TASK BRIEF:
Restate word for word the lines below from the one that has "Derek Jeter New" through the one that has "Training New Employees", keeping both and dropping all pictures.

### DATA EXCERPTS

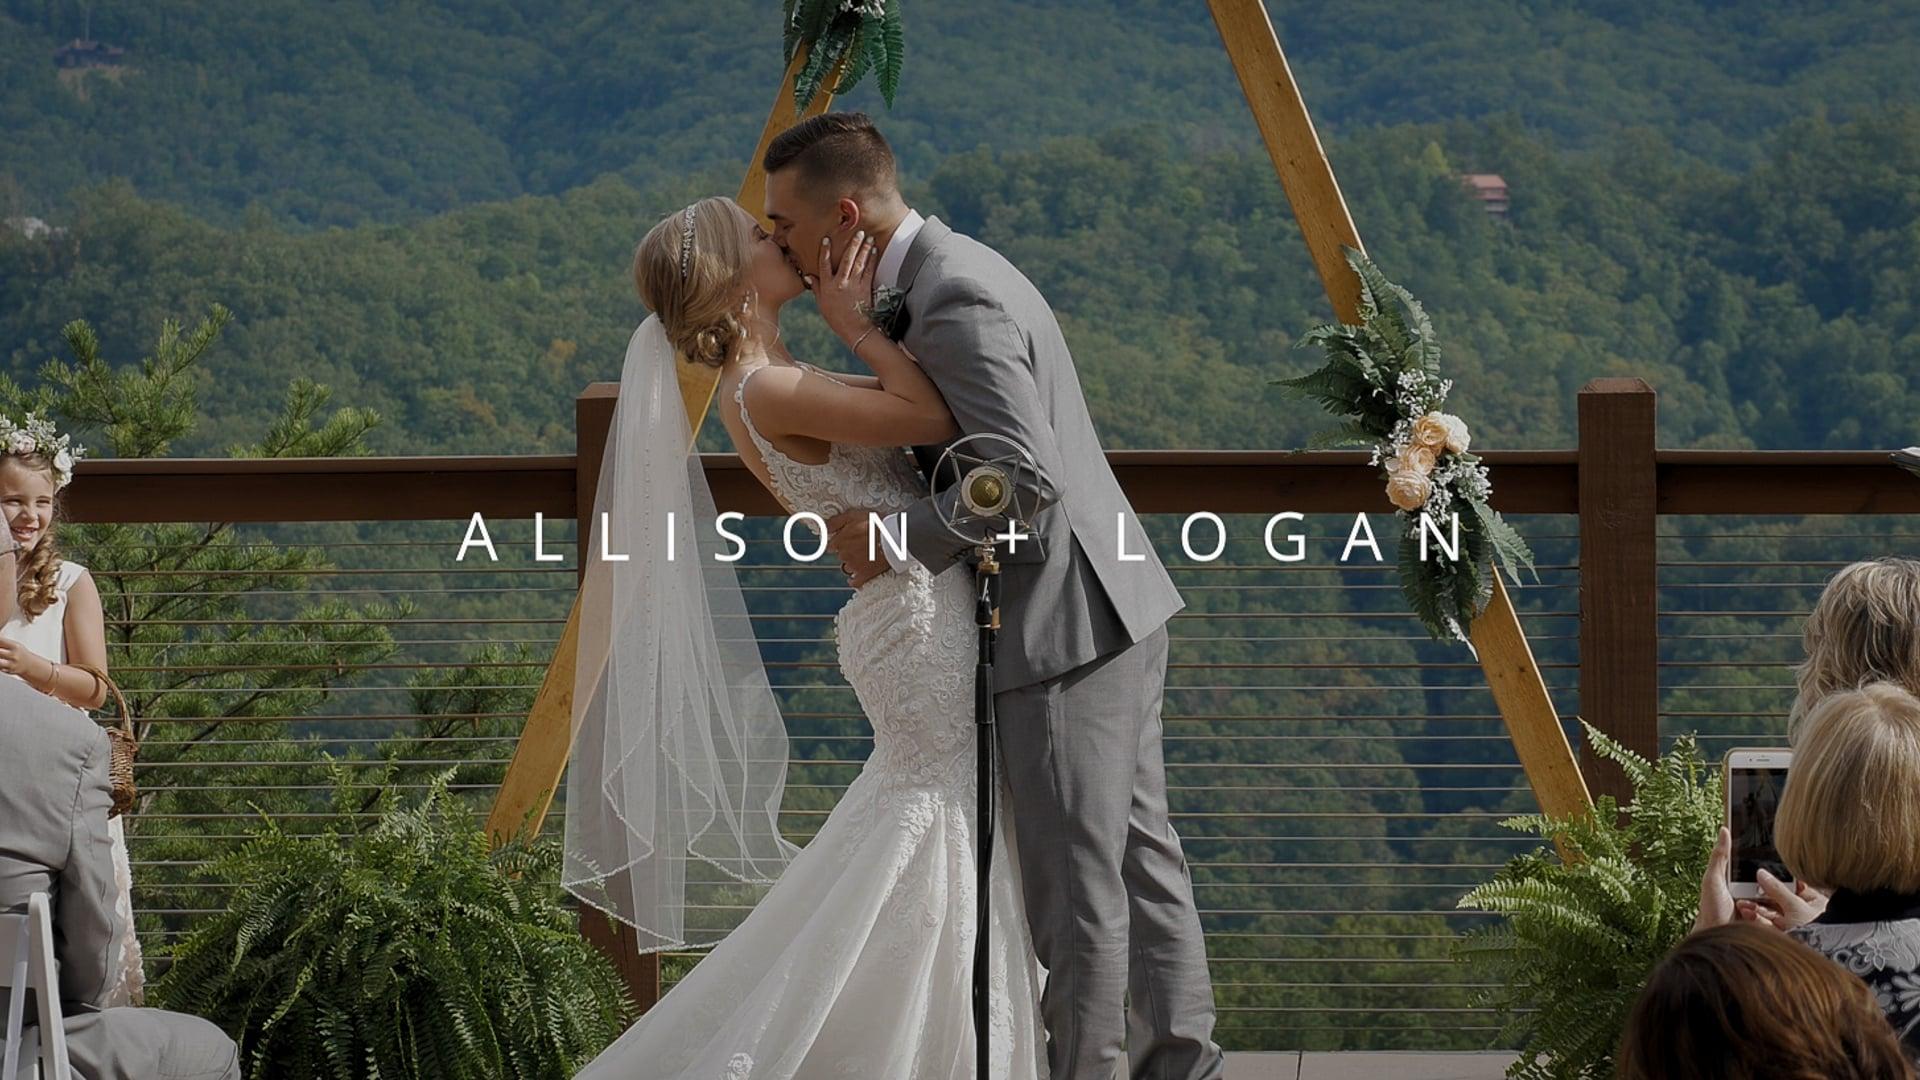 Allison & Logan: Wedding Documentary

######
### DATA EXCERPTS

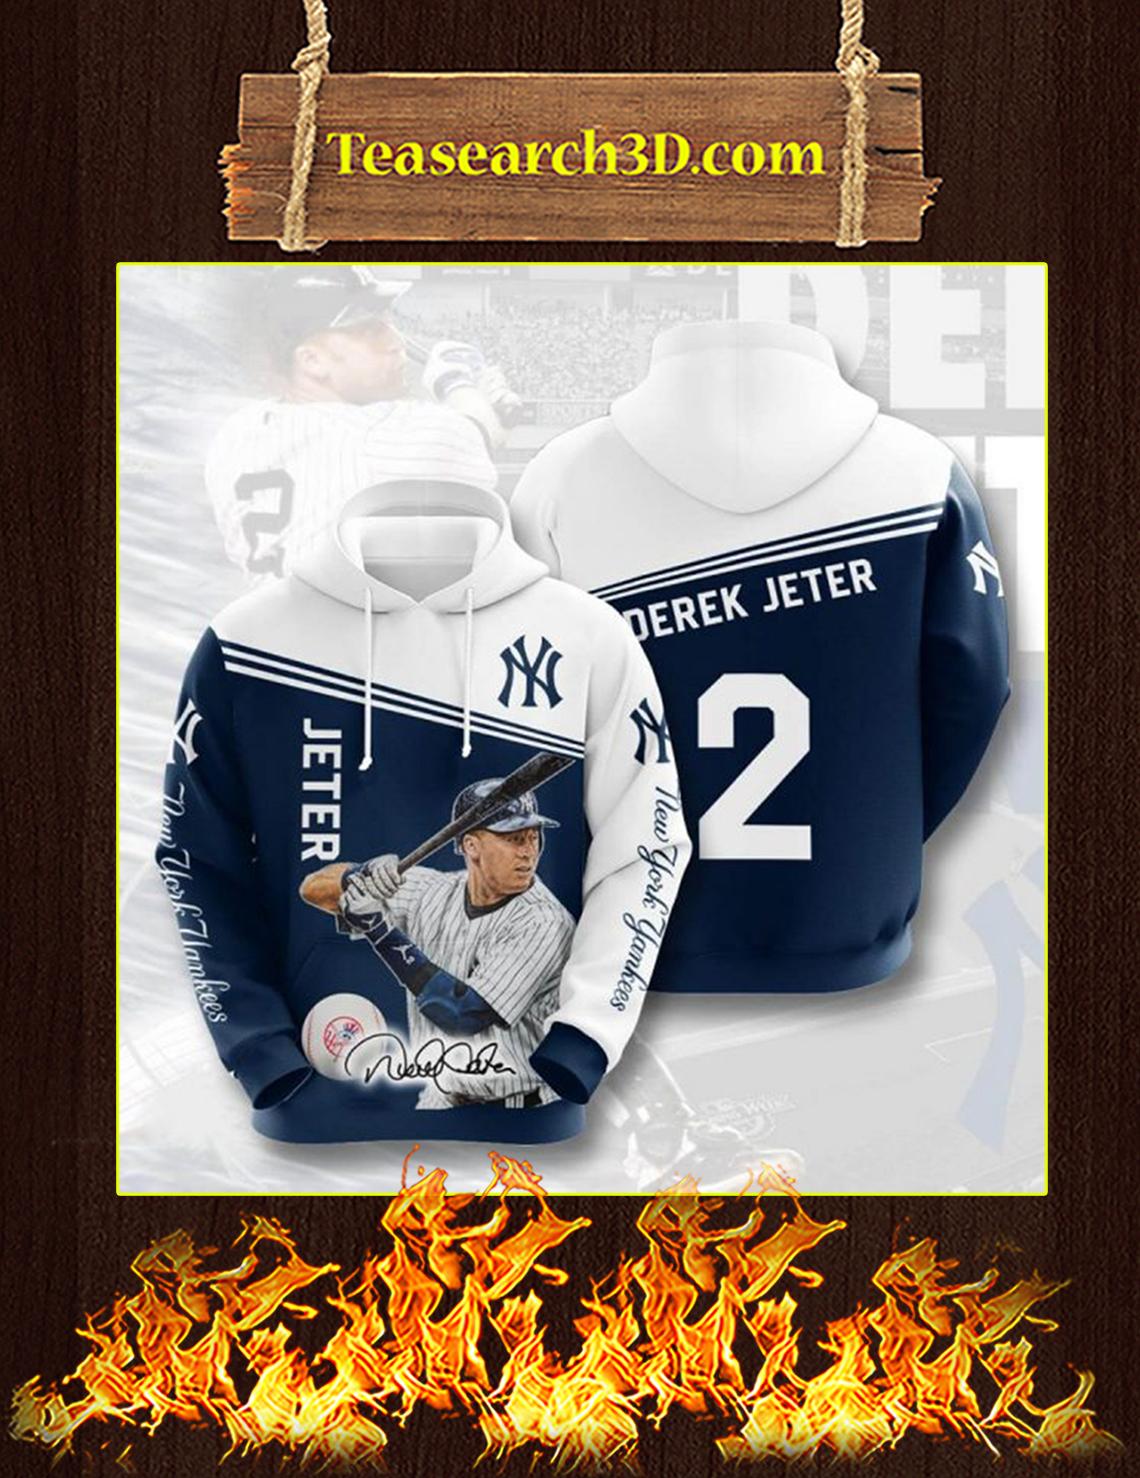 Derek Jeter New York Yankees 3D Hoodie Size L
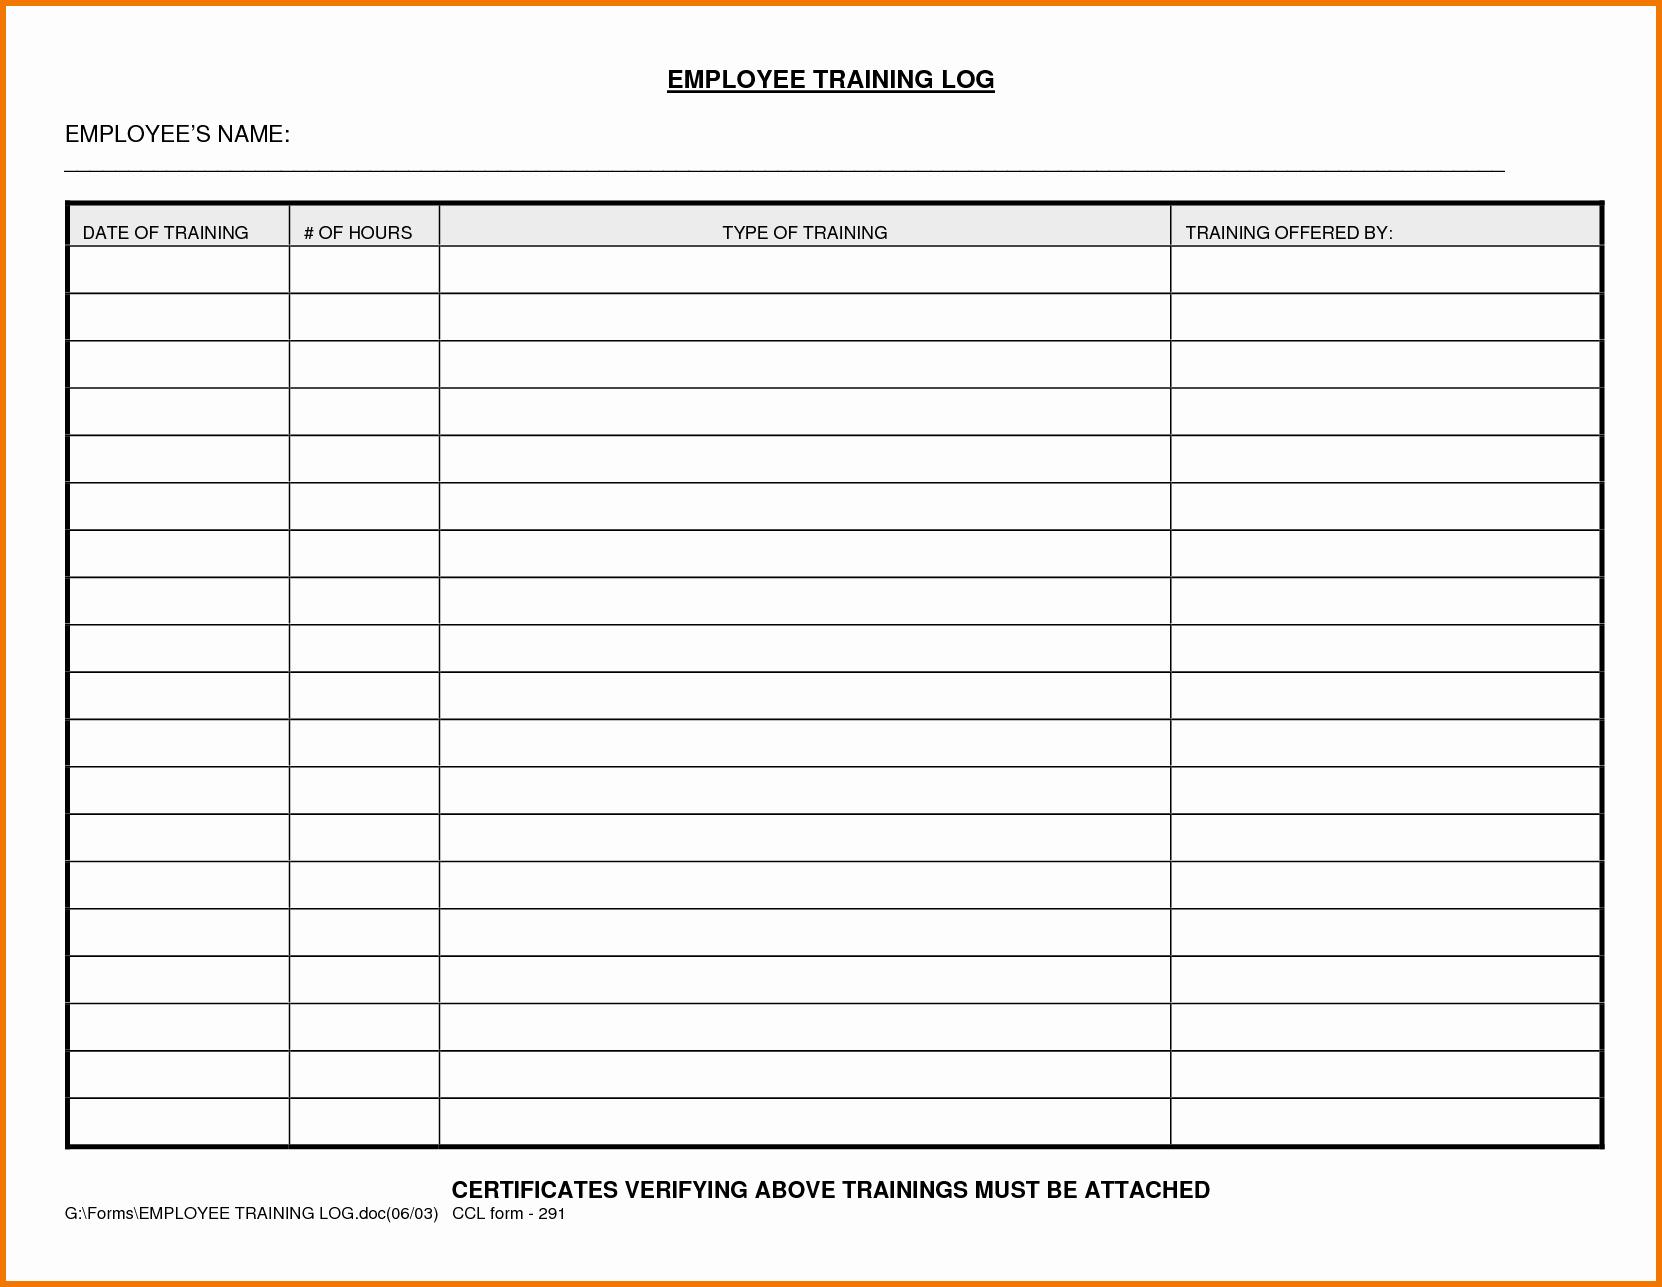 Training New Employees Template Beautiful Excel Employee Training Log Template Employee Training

######
### DATA EXCERPTS

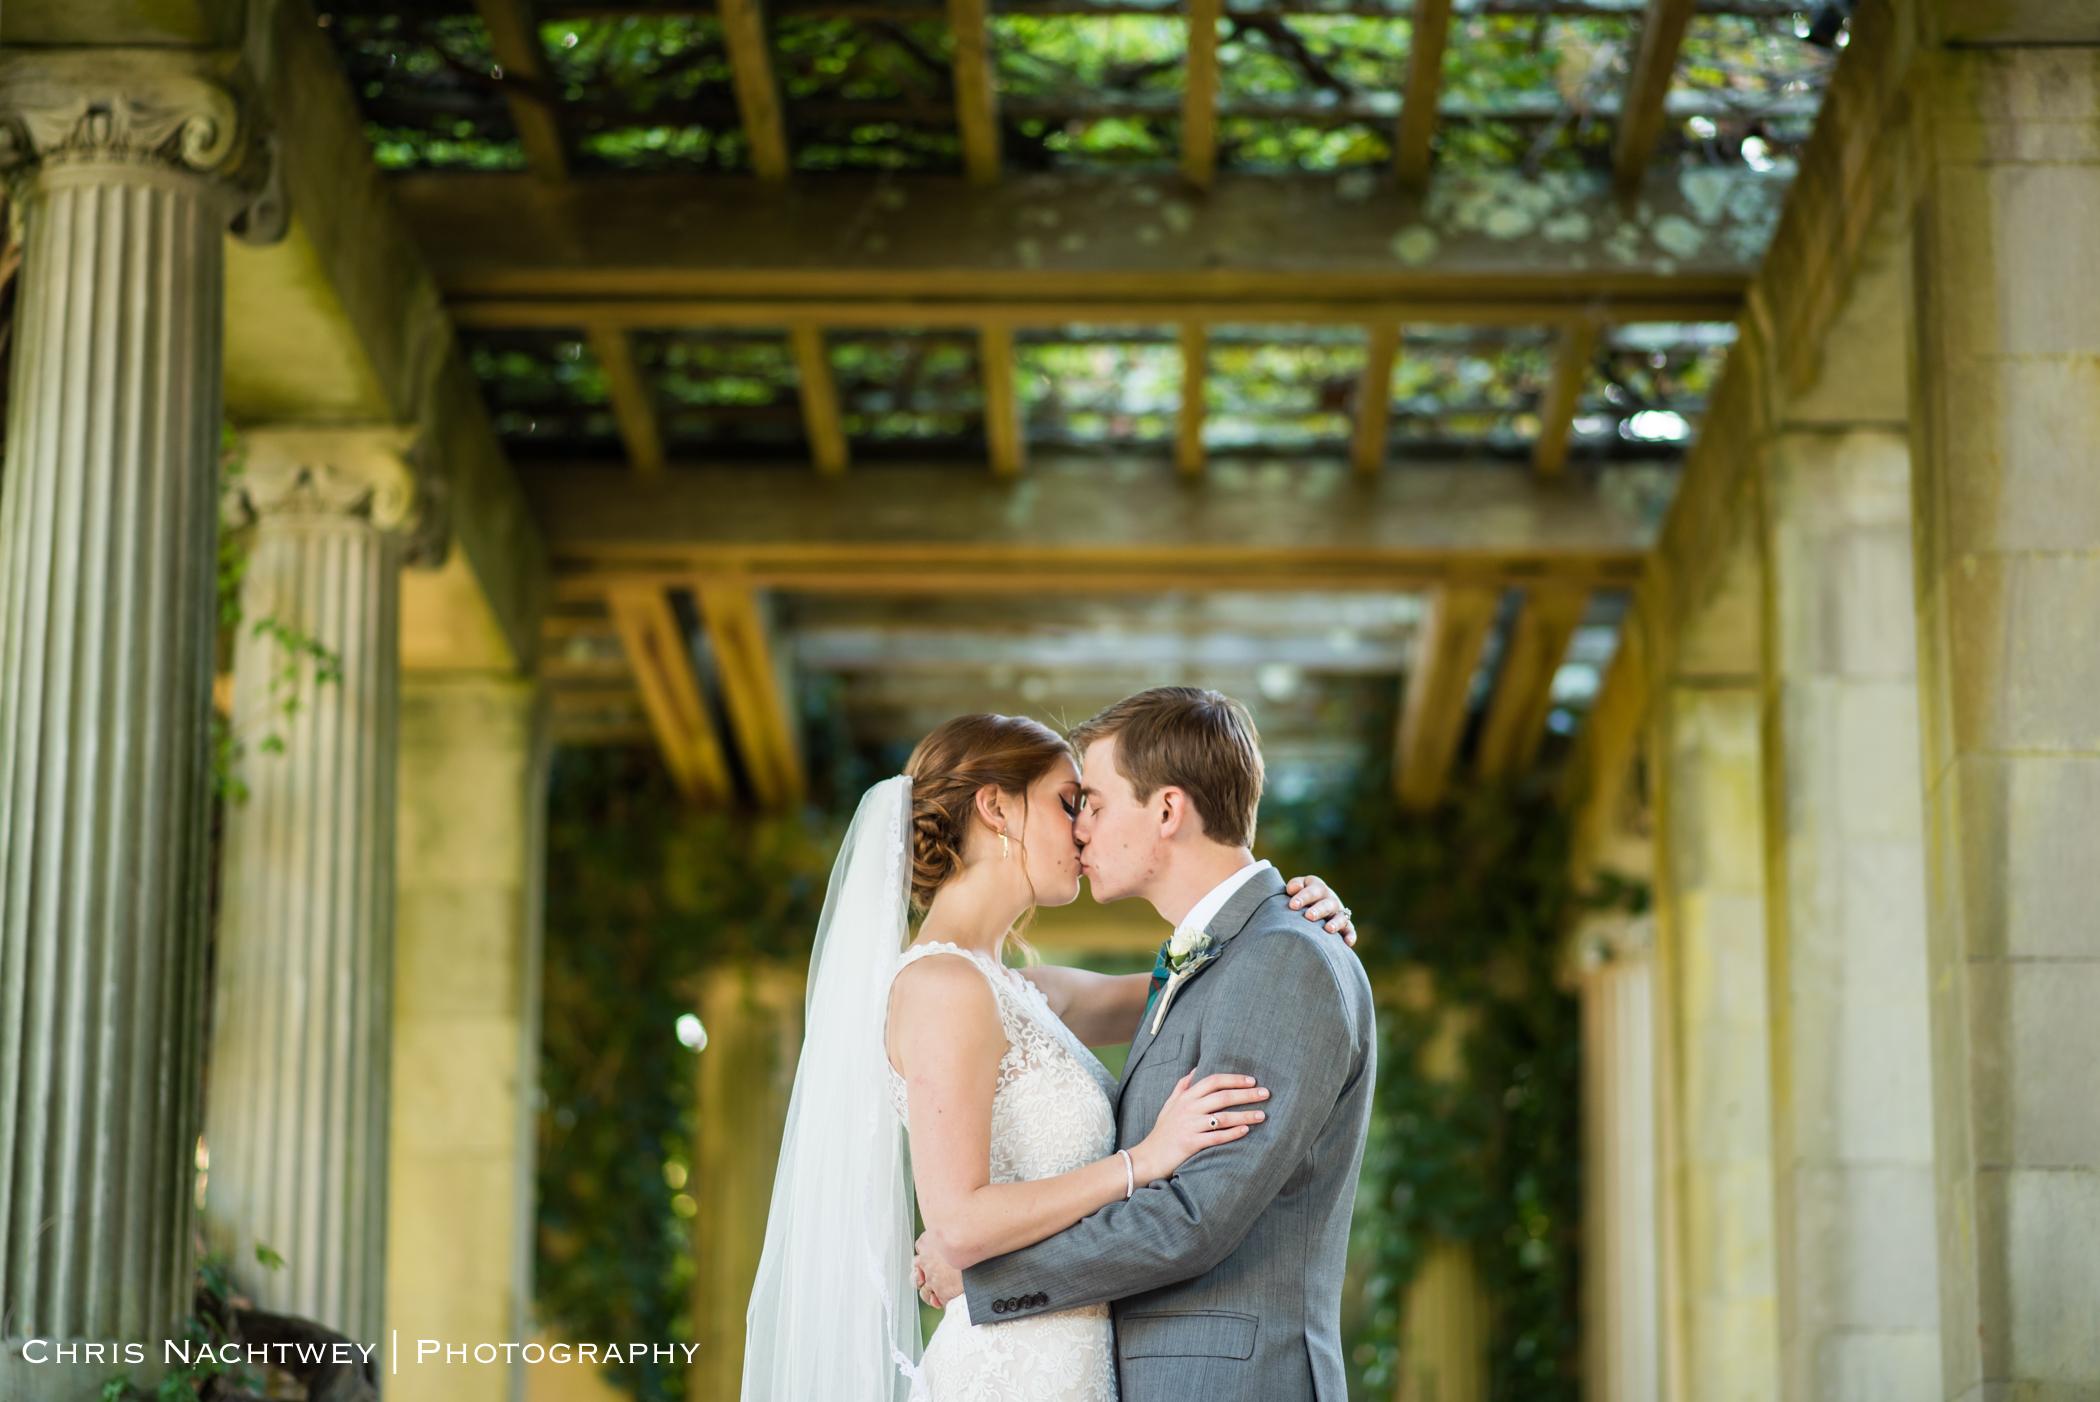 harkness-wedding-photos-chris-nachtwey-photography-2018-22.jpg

######

ANSWER FOR THIS EXERCISE:
 Derek Jeter New York Yankees 3D Hoodie Size L
 Training New Employees Template Beautiful Excel Employee Training Log Template Employee Training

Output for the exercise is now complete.